Wat is de lumbale fascie?
De lumbale fascia is een van de verschillende menselijke bindweefselsystemen die gezamenlijk bekend staan als anatomische fascia. Gelegen in het onderste deel van de rug, is het de buitenste laag dicht zacht weefsel, net onder de opperhuid, die zich horizontaal uitstrekt langs de natuurlijke achterste afvallijn. Zoals de naam al aangeeft, is deze structuur opgenomen in de vele spier- en botgroepen die deel uitmaken van de rug die bekend staat als de lumbale regio. Het bestaat uit met elkaar verweven vellen vezelachtig weefsel, het dient als een basis voor bevestiging voor verschillende oppervlakkige spieren en biedt ondersteuning voor diepe spieren. Elasticiteit in de fascia zorgt ook voor schokabsorptie tijdens het lopen, waardoor een soepele, ietwat stuiterende gang wordt geboden.

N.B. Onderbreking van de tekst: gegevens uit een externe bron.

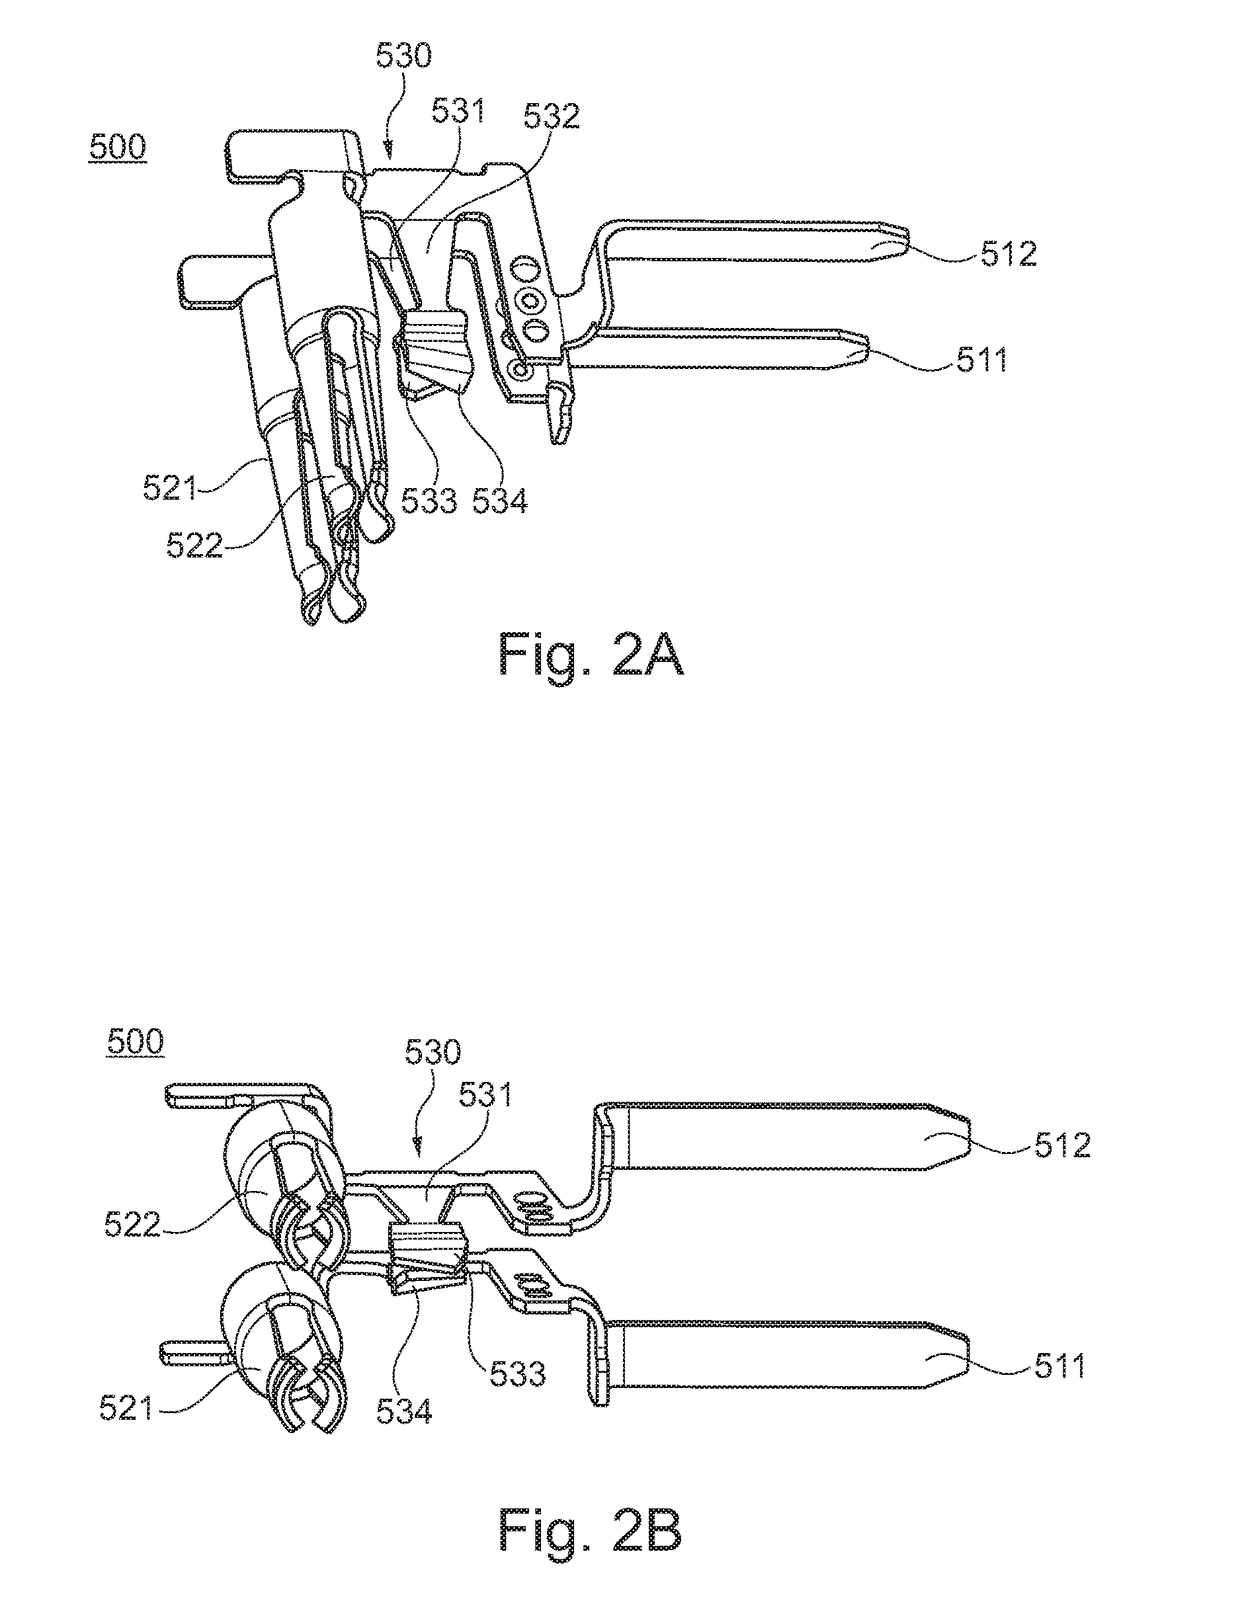 Electrical plug connector for a safety restraint system

Talloze spieren, wervels en andere complementaire componenten werken samen, net als een complex systeem van katrollen. Spieren trekken samen en zetten uit om skeletonderdelen te draaien, roteren en kantelen, zowel om beweging te vergemakkelijken als om het evenwicht te behouden en een juiste houding te garanderen. Vaak vereist een eenvoudige beweging, zoals het heffen van een arm, de interactie van talloze spieren, bindweefsels, botten en gewrichten uit schijnbaar niet-gerelateerde gebieden van de rug en nek. Bindweefsels zoals de lumbale fascia, bijvoorbeeld in de onderrug, vergemakkelijken vaak lichaamsbewegingen elders, zoals de buik of schouders.

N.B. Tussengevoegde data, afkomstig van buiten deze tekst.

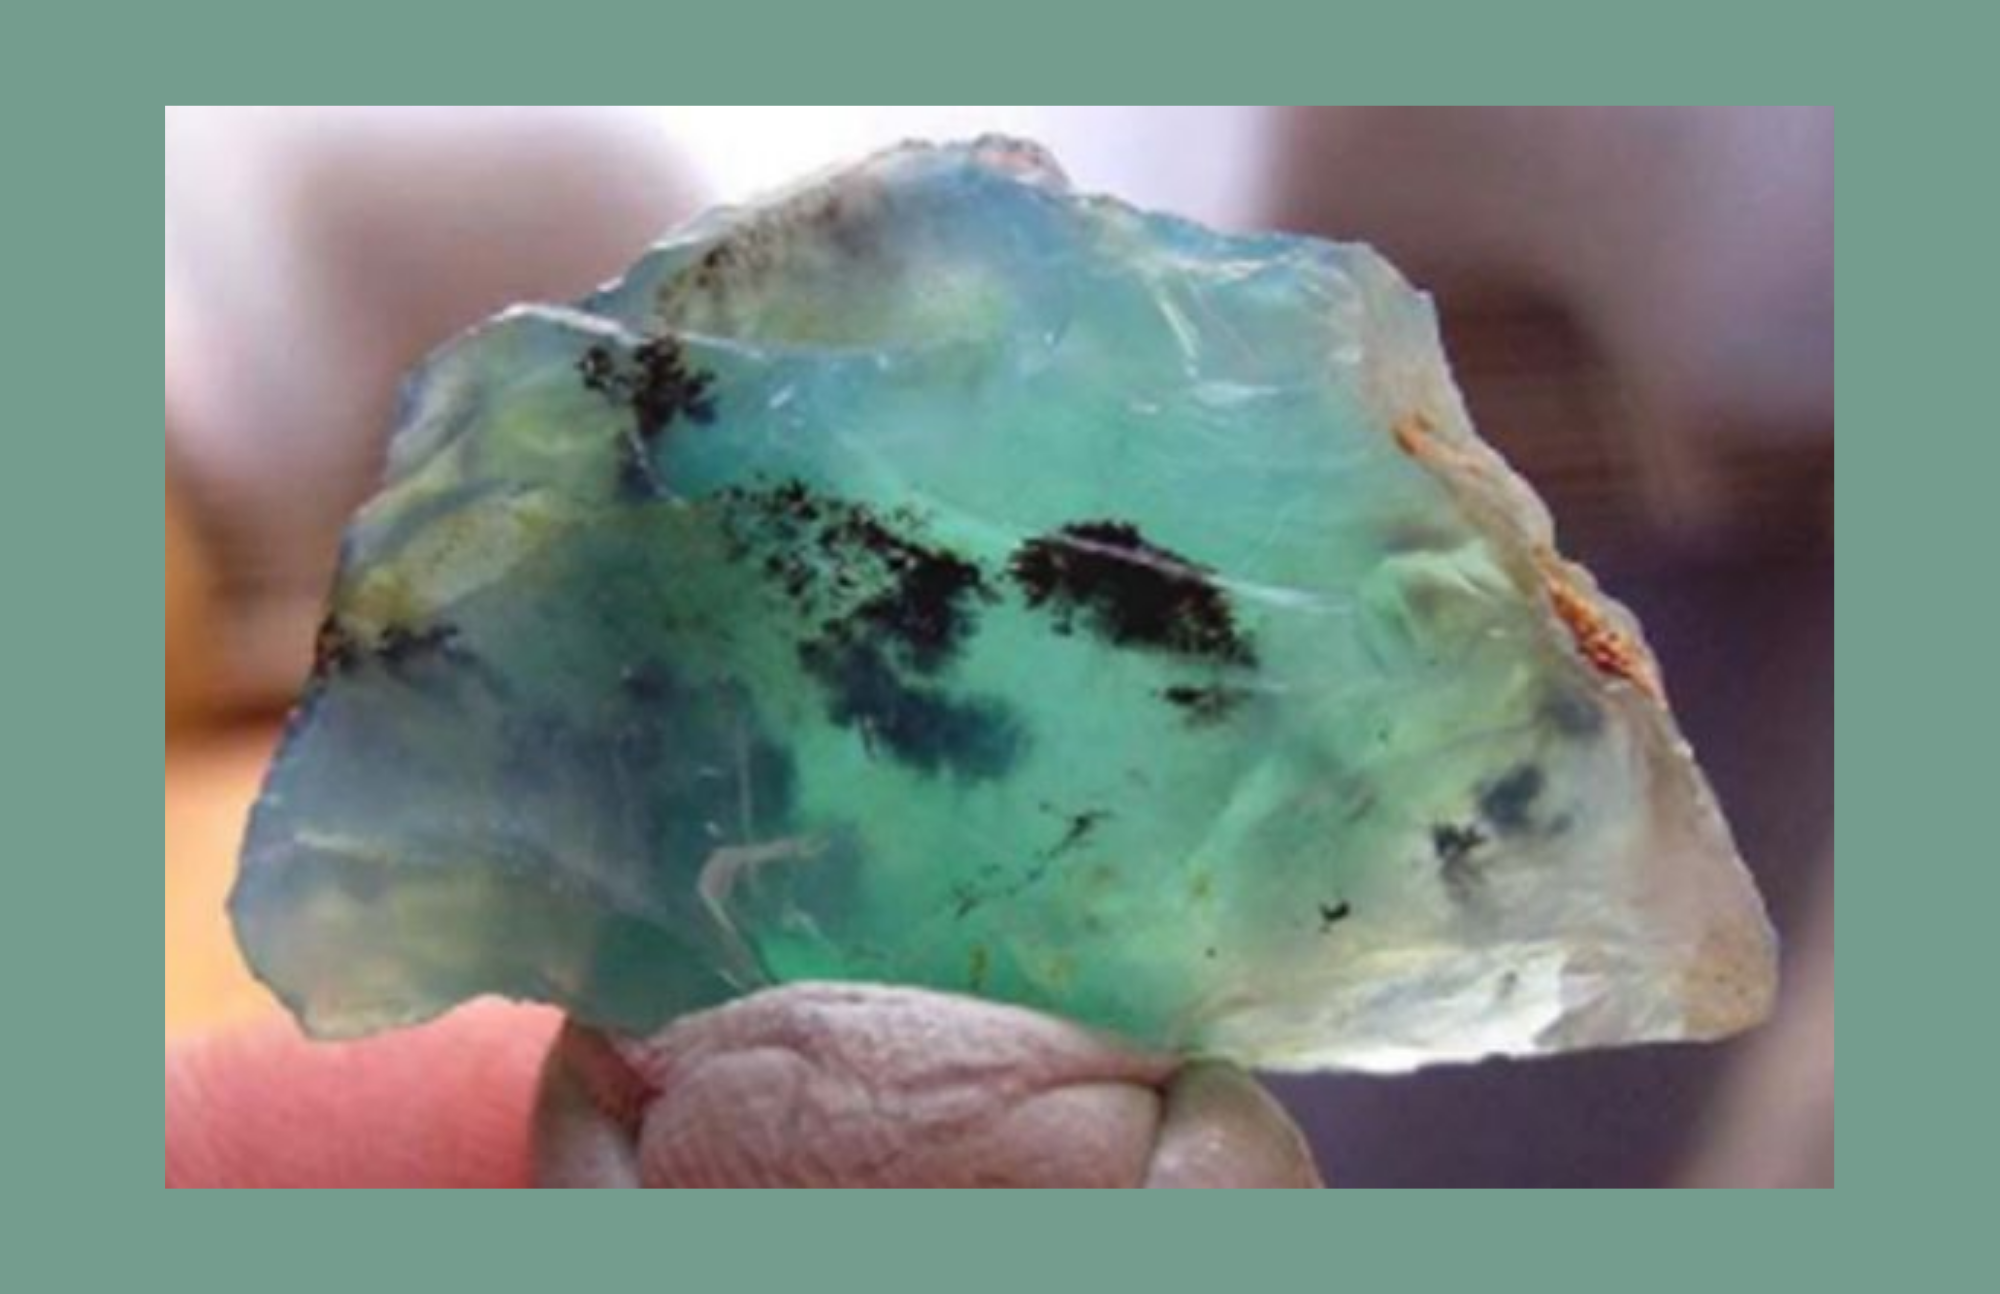 Peruvian Blue Opal stone with a mix of blue and green color

De fascia van het lumbale gebied rust onder de latissimus dorsi en boven elke gluteus maximus-spier. De lumbale fascia lijkt op een waaiervormige structuur. Gecentreerd op de kleine van de wervelkolom, ligt het smalle uiteinde van de waaiervorm in lijn met de taille. Aan de bovenkant van de lumbale fascia-ventilator is de latissimus dorsi direct bevestigd en strekt zich over het grootste deel van de onderste helft van de rug uit in de humerus of het schouderblad. Met ondersteuning van de lumbale fascia maakt de latissimus dorsi verschillende schouderbewegingen mogelijk, waardoor het zijn doel vervult als lid van een klasse van spieren bekend als extensoren.

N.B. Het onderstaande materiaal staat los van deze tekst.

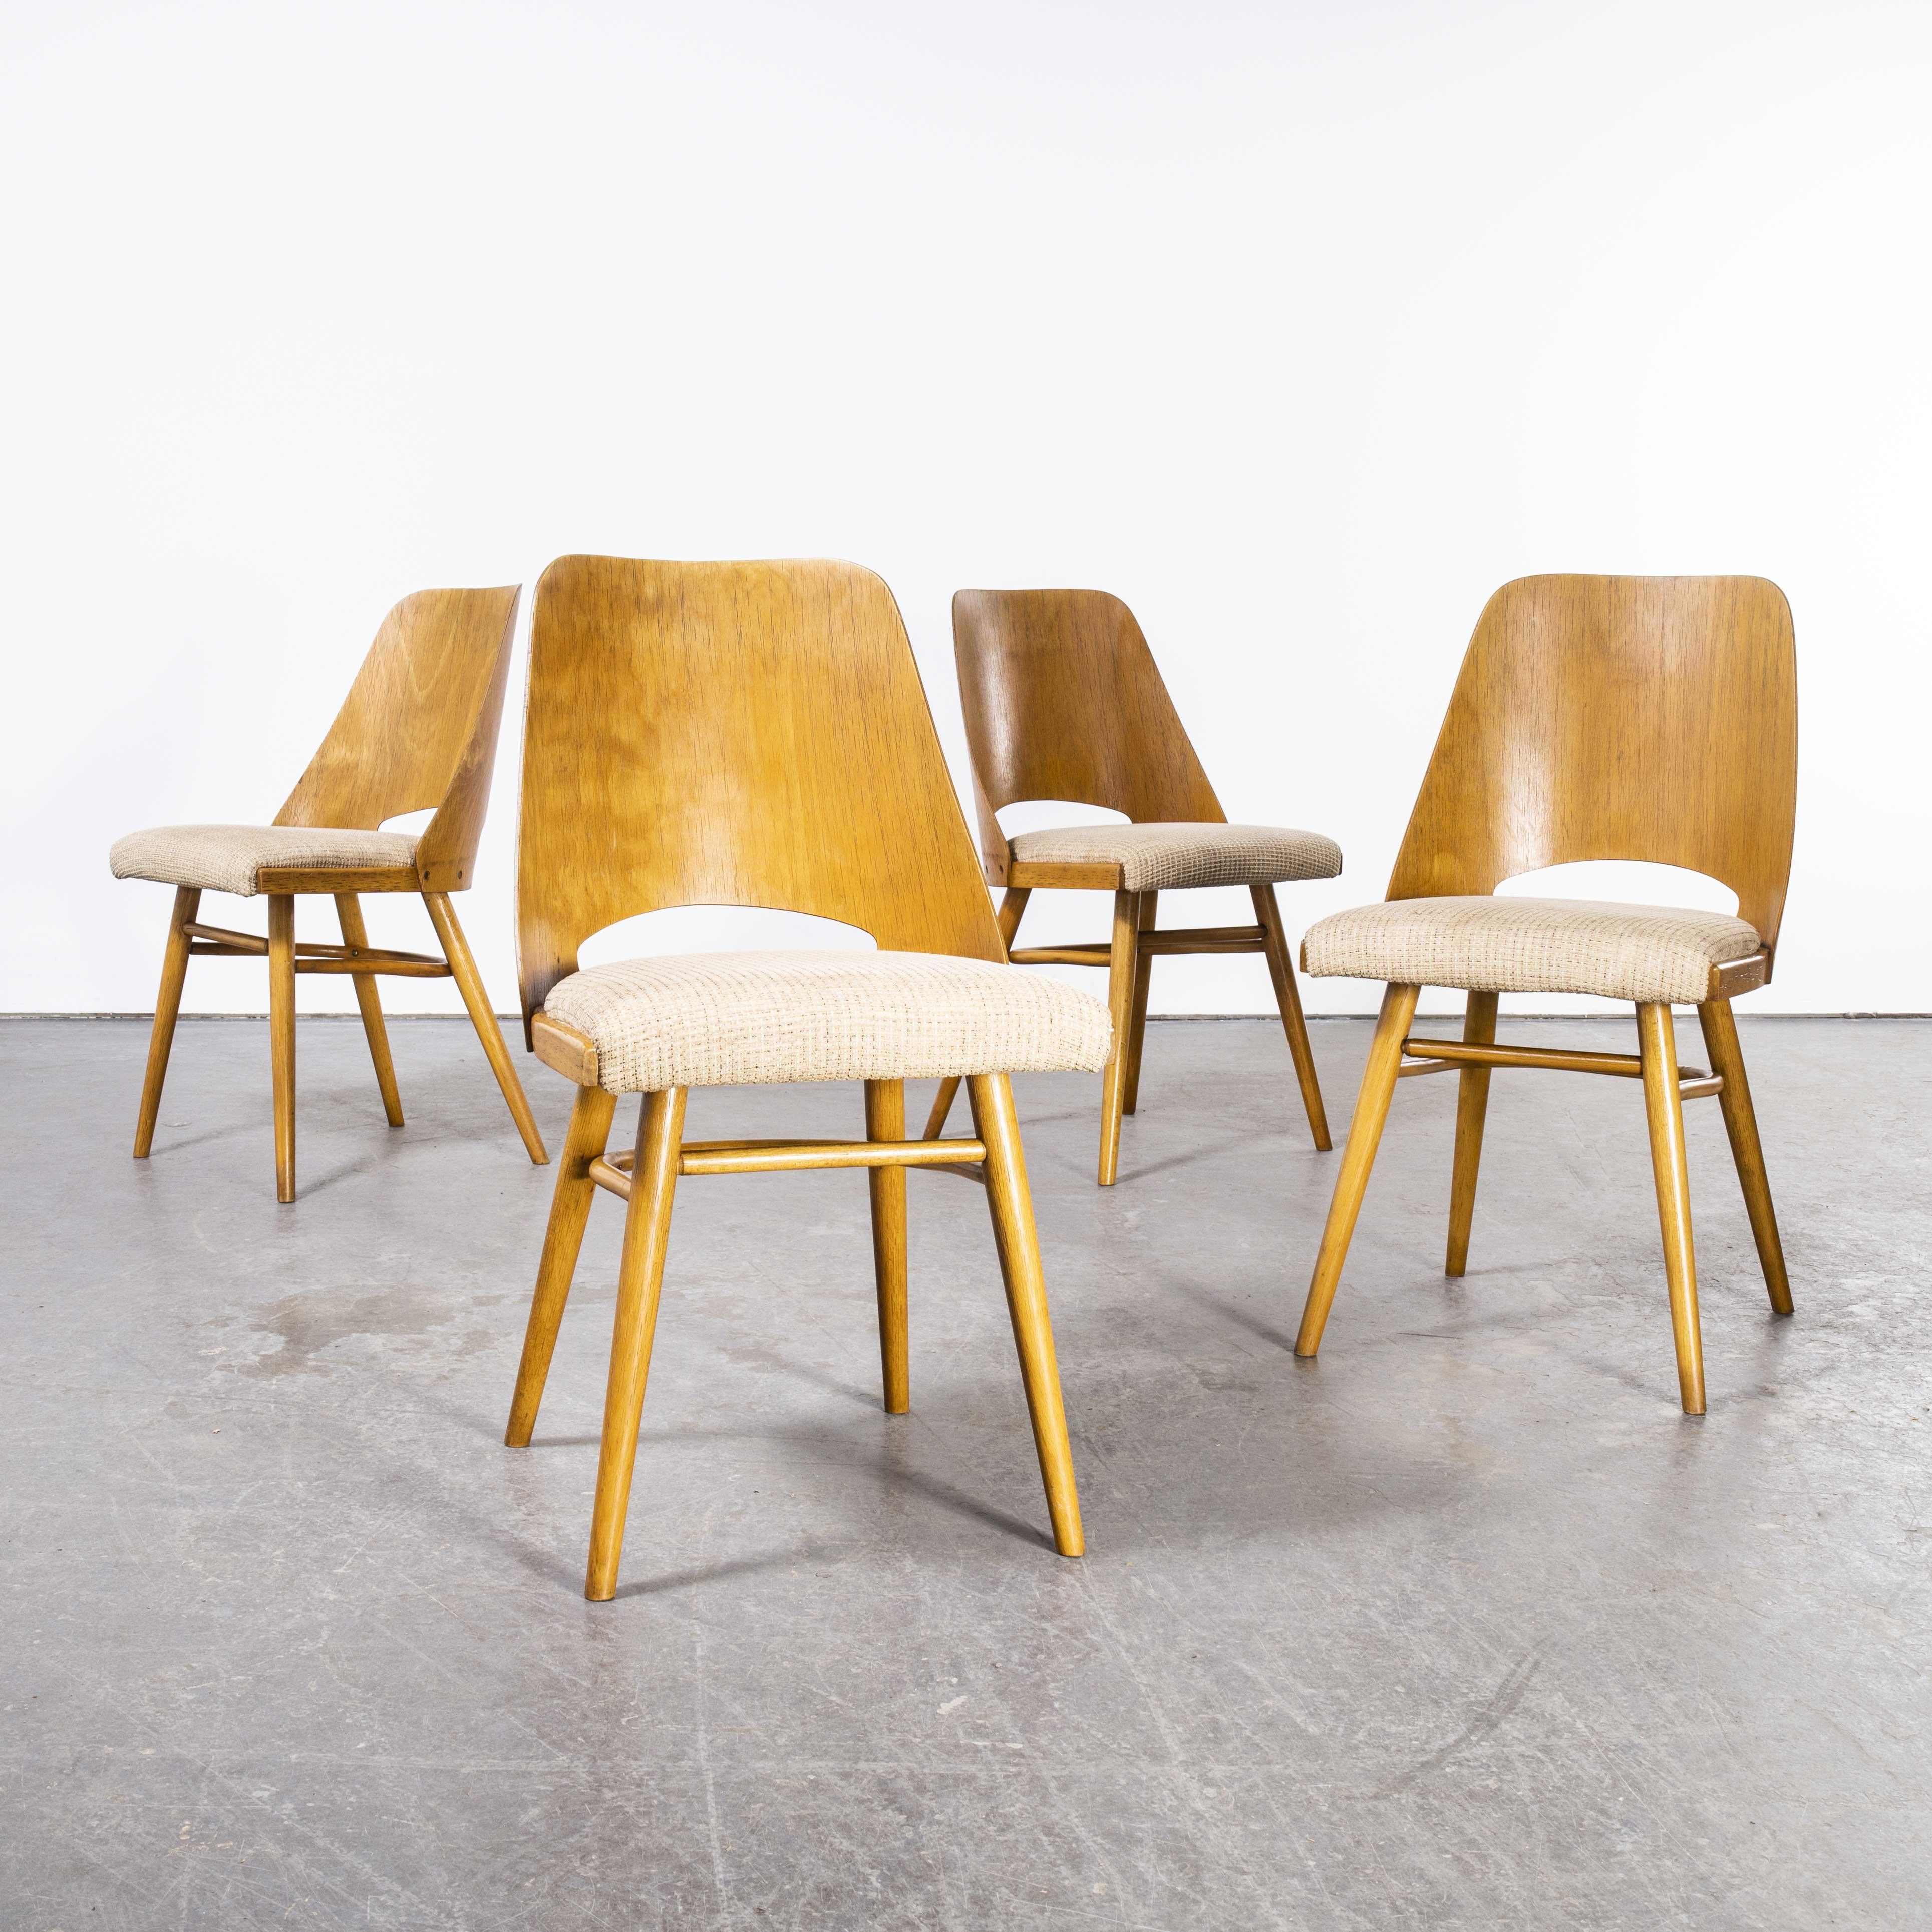 1950’s upholstered thon dining chairs by Radomir Hoffman – set of four
1950’s upholstered thon dining chairs by Radomir Hoffman – set of four. These chairs were produced by the famous Czech firm Ton, still trading today and producing beautiful

Terwijl de bewegingen van het bovenlichaam worden ondersteund, helpt de lumbale fascia ook de buitenste laag van buikspieren te ondersteunen, bekend als de externe abdominale obliques. Deze spieren beginnen in de onderrug aan weerszijden van de wervelkolom, met uiteinden bevestigd net achter de smalle basis van de waaiervorm van de lumbale fascia. Voortgaand van de basis van de ventilator tot aan de onderbuik, beschermen de externe abdominale obliques interne organen, ondersteunen andere buikspieren en helpen de buik samen te drukken.
Het ondersteunen van andere spieren door de positie van elke spier te handhaven en een kader te bieden voor de bevestiging van oppervlakkige spieren zijn slechts twee functies van de lumbale fascia. Vanwege de vezelachtige structuur hebben de weefsels van de fascia elastische eigenschappen. In combinatie met de relatieve nabijheid van de gluteus maximus-spieren en verschillende buikspieren, bieden deze elastische eigenschappen schokabsorberende voordelen tijdens het lopen. Dienovereenkomstig krijgt het looppatroon van een individu een bescheiden sprong en vloeiendere pas.